Tokyo's benchmark Nikkei 225 index ended the day 0.34 percent, or 65.01 points, higher at 19,467.40. It gained 1.72 percent over the week.

The Topix index of all first-section issues rose 0.27 percent, or 4.24 points, to end at 1,549.25. It tacked on 1.03 percent this week.

Next week, Japan's latest earnings season kicks into high gear, with Sony, Panasonic and Nintendo among the firms reporting.

The Bank of Japan's first meeting of 2017 and a slate of Japanese economic data, including factory output and household spending, will also be in focus.

Before the market opened Friday, official data showed Japan's core consumer prices, which exclude fresh food, dropped 0.3 percent in 2016, the first annual fall in four years.

The data underscored how Japan's long-running battle to conquer deflation is far from won.

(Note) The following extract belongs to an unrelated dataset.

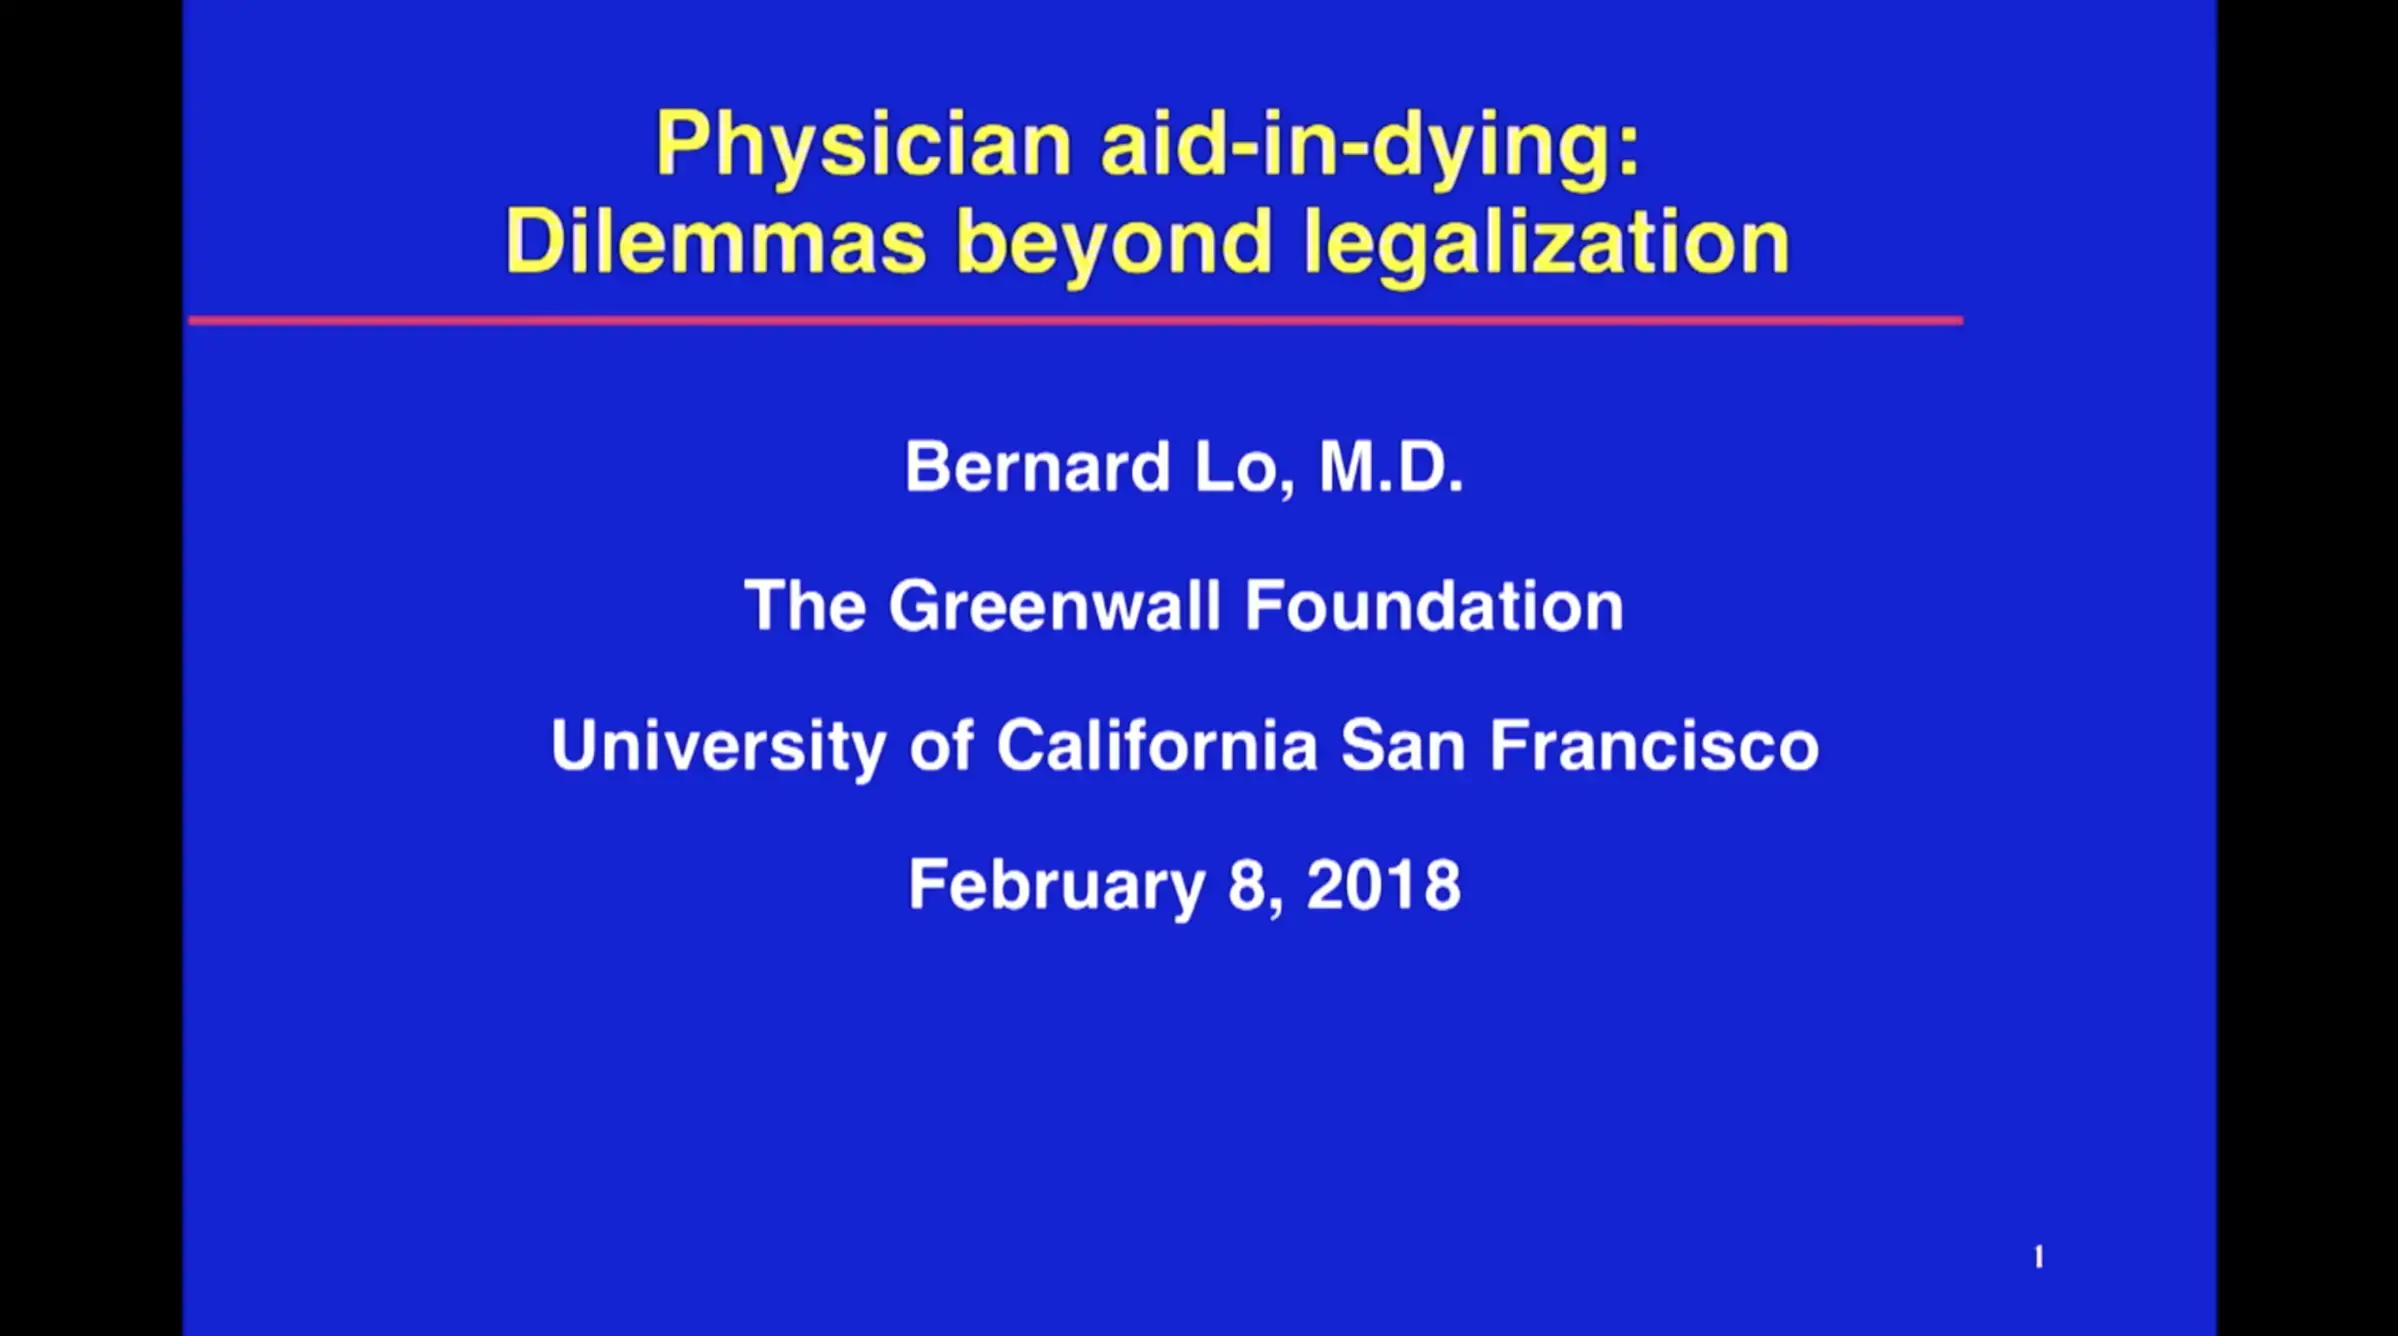 Click to play:  Bernard Lo on Clinical Dilemmas about Physician Aid-in-Dying 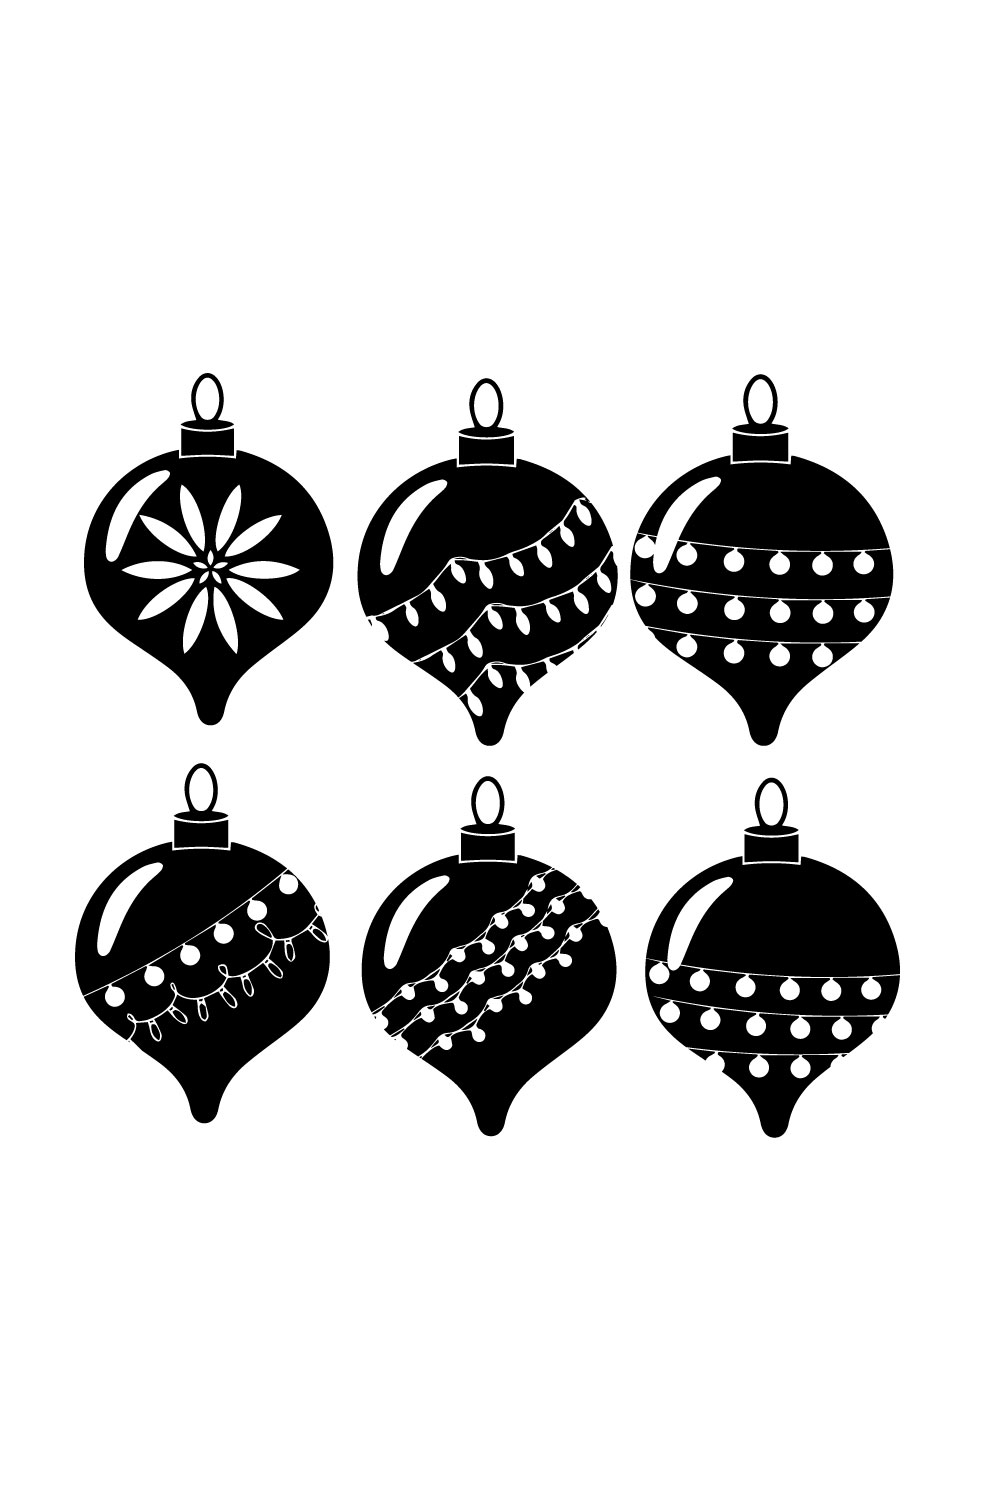 A selection of beautiful black images of Christmas tree ornaments

Tokyo's share gains were reinforced by a pick-up in the dollar against the yen, which is a positive for Japan's exporters as it makes their products more competitive abroad and inflates repatriated profits.

The dollar climbed to 115.12 yen Friday from 114.56 yen in New York and well up from the 113.66 yen seen earlier Thursday in Tokyo.

Banking giant Mitsubishi UFJ's stock jumped 1.46 percent to 752.9 yen and rival Mizuho Financial Group climbed 1.73 percent to end the day at 216.6 yen.

Toshiba rose 0.54 percent to 259.9 yen, after the loss-hit firm said it was spinning off its chip business into a separate company as it reportedly looks to sell part of the division to raise funds.

Uniqlo parent Fast Retailing, a market heavyweight, rose 1.20 percent to 36,960 yen and tyre maker Bridgestone jumped 2.85 percent to 4,208 yen.

Energy explorer Inpex jumped 3.67 percent to 1,127 yen on higher oil prices.